Dollar am Morgen Märkte

Warum ausgerechnet jetzt ein Trend?

von Joachim Goldberg am 24. Juli 2019

EUR USD (1,1150)             Es sei Zeit, sich auf einen Euro-Trend vorzubereiten, schrieb gestern ein Kommentator. Ein Statement, das man immer dann vernehmen kann, wenn sich der Euro der Untergrenze einer Seitwärtsbewegung annähert. Und ein Trend sei nun einmal jetzt fällig, so die Logik, weil die Seitwärtsbewegung lange genug angehalten habe. Eine Seitwärtsentwicklung, die in diesem Jahr eine Bandbreite von rund 4 Prozent aufweist und damit nicht einmal halb so groß ist wie die bislang geringste Jahresspanne seit Einführung des Euro. Jene Range betrug im ganzen Jahr 2013 nur rund 9 Prozent. Daraus jetzt aber abzuleiten, dass der Euro deswegen zwingend Nachholbedarf habe, erscheint bestenfalls Statistiker zu interessieren. Fakt ist auf jeden Fall, dass seit dem vierten Quartal 2018 alle bisherigen Ansätze der Gemeinschaftswährung zu einem Ausbruch aus den jeweiligen Konsolidierungszonen stets als Fehlentwicklung geendet haben. Zuletzt geschah dies Ende Juni an der Oberseite. Warum sollte es also gerade dieses Mal zu einem nachhaltigen Trend kommen?

 

Kontrasteffekte irritieren

Tatsächlich ist doch die gestrige Abwärtsbewegung nur deswegen aufgefallen, weil sie mit einer Handelsbandbreite von rund 65 Stellen einen starken Kontrast zu dem extrem ruhigen Vortag (rund 20 Stellen) bildete und deshalb besonders auffiel. Absolut betrachtet handelte es sich um einen ganz normalen Handelstag. Mit relativ wenig interessanten Wirtschaftsdaten.
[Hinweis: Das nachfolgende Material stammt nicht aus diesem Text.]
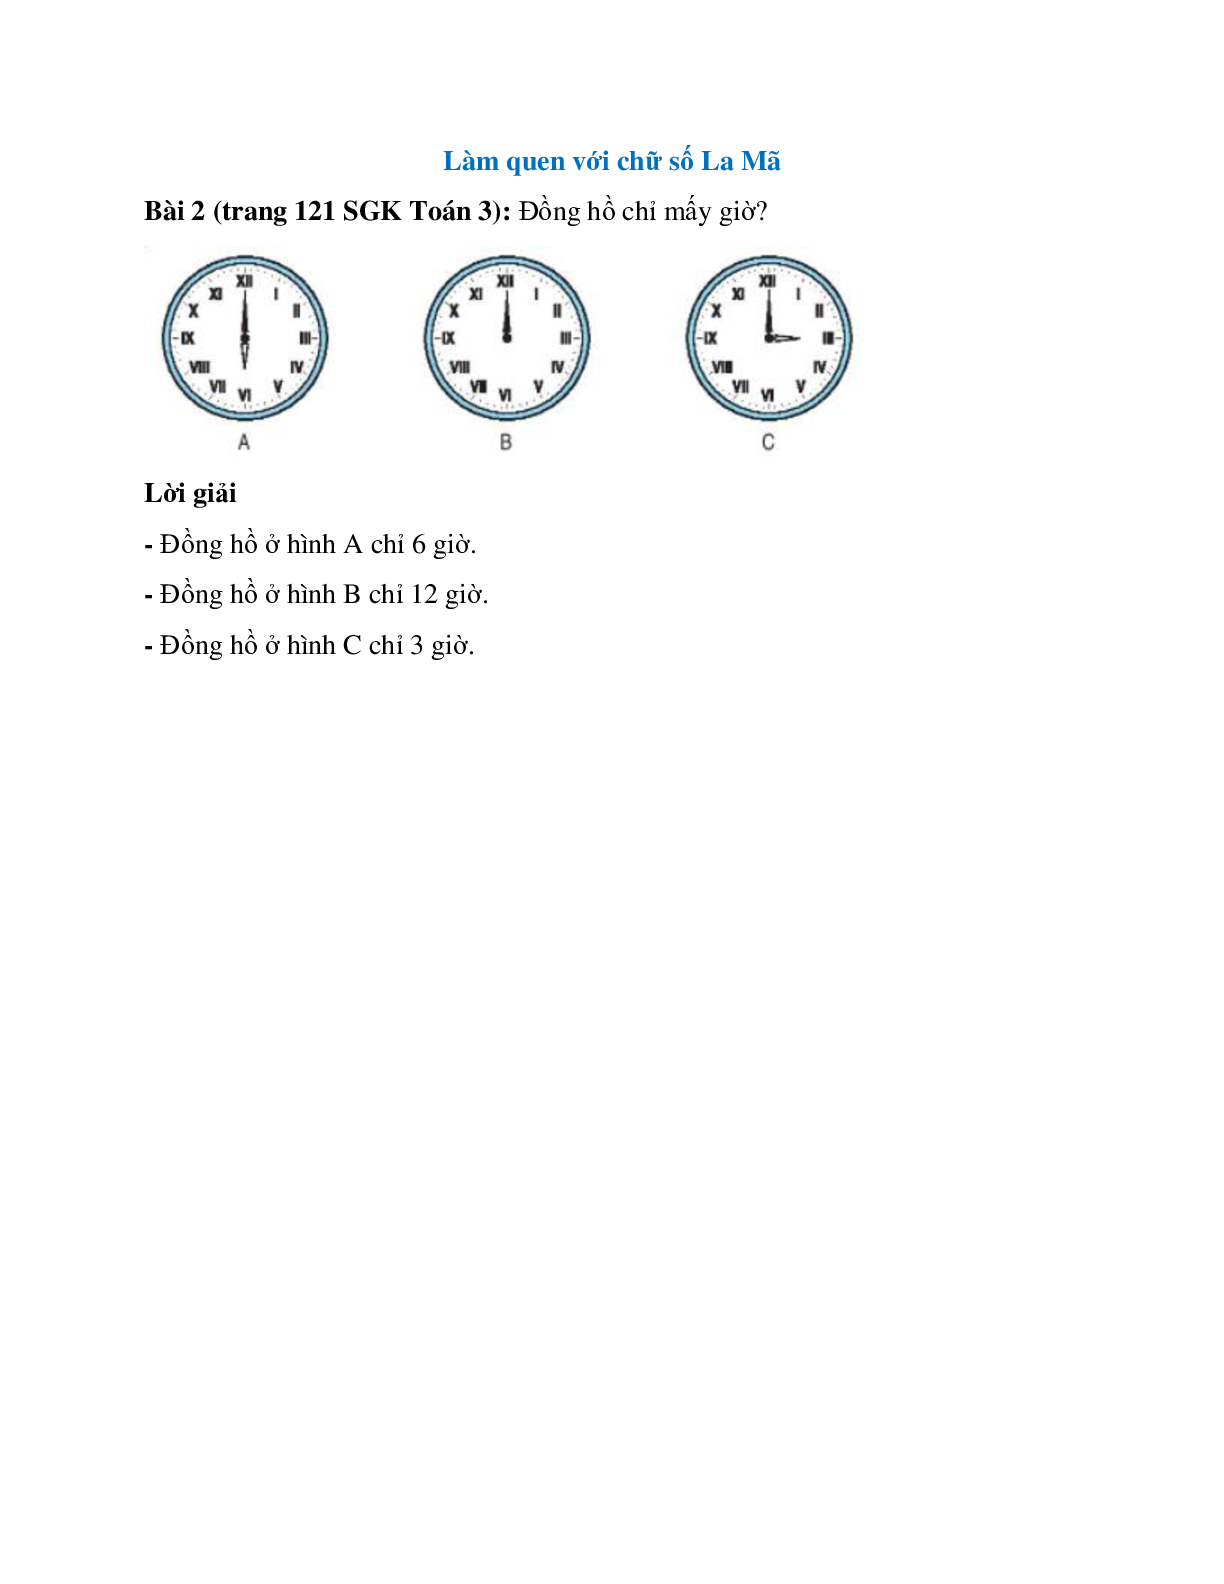 Đồng hồ chỉ mấy giờ Bài 2 trang 121 SGK Toán 3 (trang 1)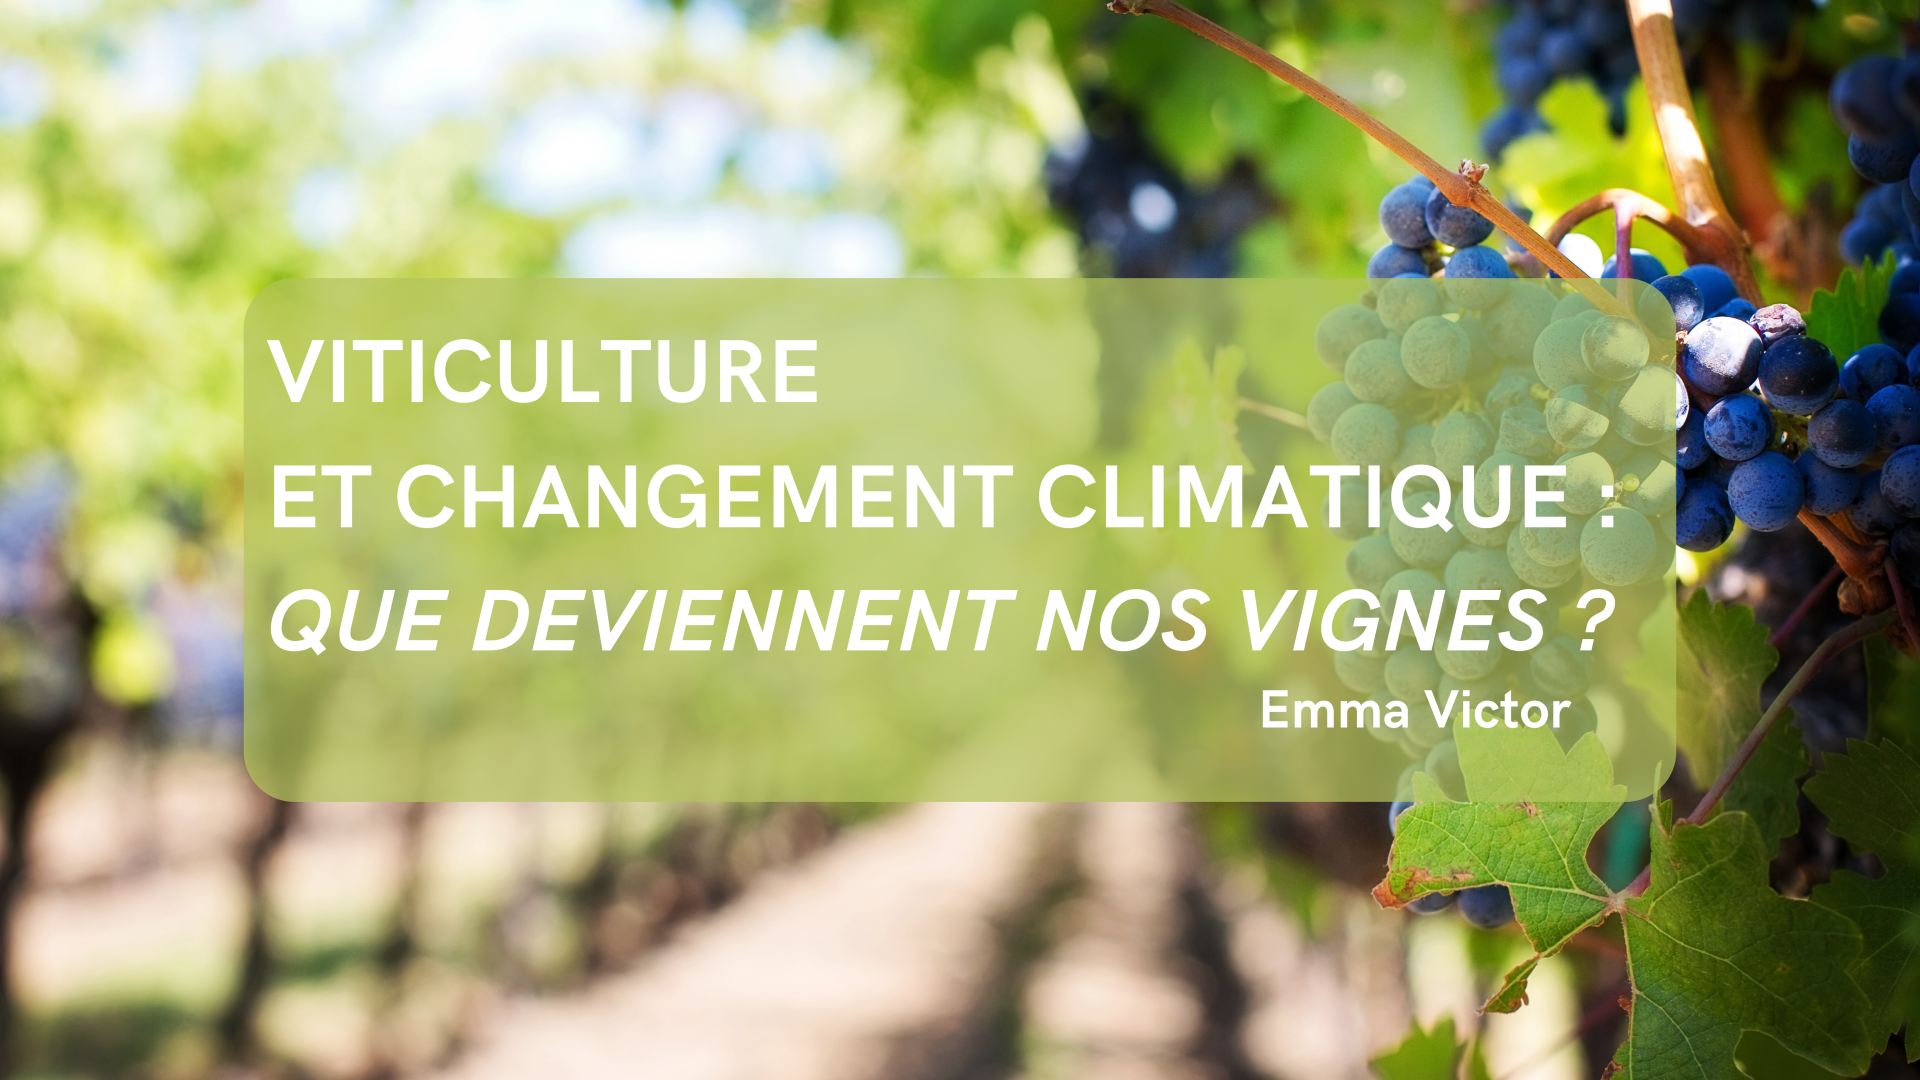 Viticulture et changement climatique : Que deviennent nos vignes ?

Eine Entwicklung, die zumindest hinsichtlich der Argumente für einen schwächeren Euro bzw. festeren Dollar schon tags zuvor hätte einsetzen können. Denn wir wiesen bereits vorgestern darauf hin, dass Kommentatoren vor möglichen ökonomischen Schocks warnten. Und dass die Europäische Zentralbank die Zinsen eher früher als später senken müsse. Psychologisch interessant daran ist allenfalls, dass diese Perspektive den Händlern wohl erst gestern so richtig bewusst geworden ist. Und auch erst allmählich, wie die gestrige Entwicklung der Gemeinschaftswährung vermuten lässt.

Es ist schwer einzuschätzen, wie die Chancen für einen wenigstens kurzfristigen Abwärtstrend des Euro tatsächlich stehen. Denn sollte die EZB bei ihrer morgigen Ratssitzung – wovon wir eher nicht ausgehen – tatsächlich als Sofortmaßnahme den Leitzins senken, um womöglich der US-Notenbank nicht hinterherlaufen zu müssen, wäre zumindest dieser Effekt ziemlich rasch verpufft. Denn die Fed wird mit an Sicherheit grenzender Wahrscheinlichkeit in der kommenden Woche ebenfalls ihren Leitzins um 25 Basispunkte senken. Argumentativ wäre der Euro, allein aus diesem Blickwinkel betrachtet, nicht nachhaltig unter Druck zu setzen.

 

Positive Überraschungen würden schwerer wiegen als negative

Aber es scheint Marktteilnehmer zu geben, die auf eine negative Überraschung für den Euro setzen, obwohl ein solches Szenario zumindest aus ökonomischer Nachrichtensicht nicht sehr wahrscheinlich ist. Denn eigentlich sollten sich die Akteure schon längst daran gewöhnt haben. Ob die heute zur Veröffentlichung anstehende Schnellschätzung der Einkaufsmanager-Indices als Auslöser taugen? Sollten diese für die Eurozone schwächer als erwartet ausfallen, wäre dies doch keine echte Überraschung. Ein positiver Ausreißer hingegen schon.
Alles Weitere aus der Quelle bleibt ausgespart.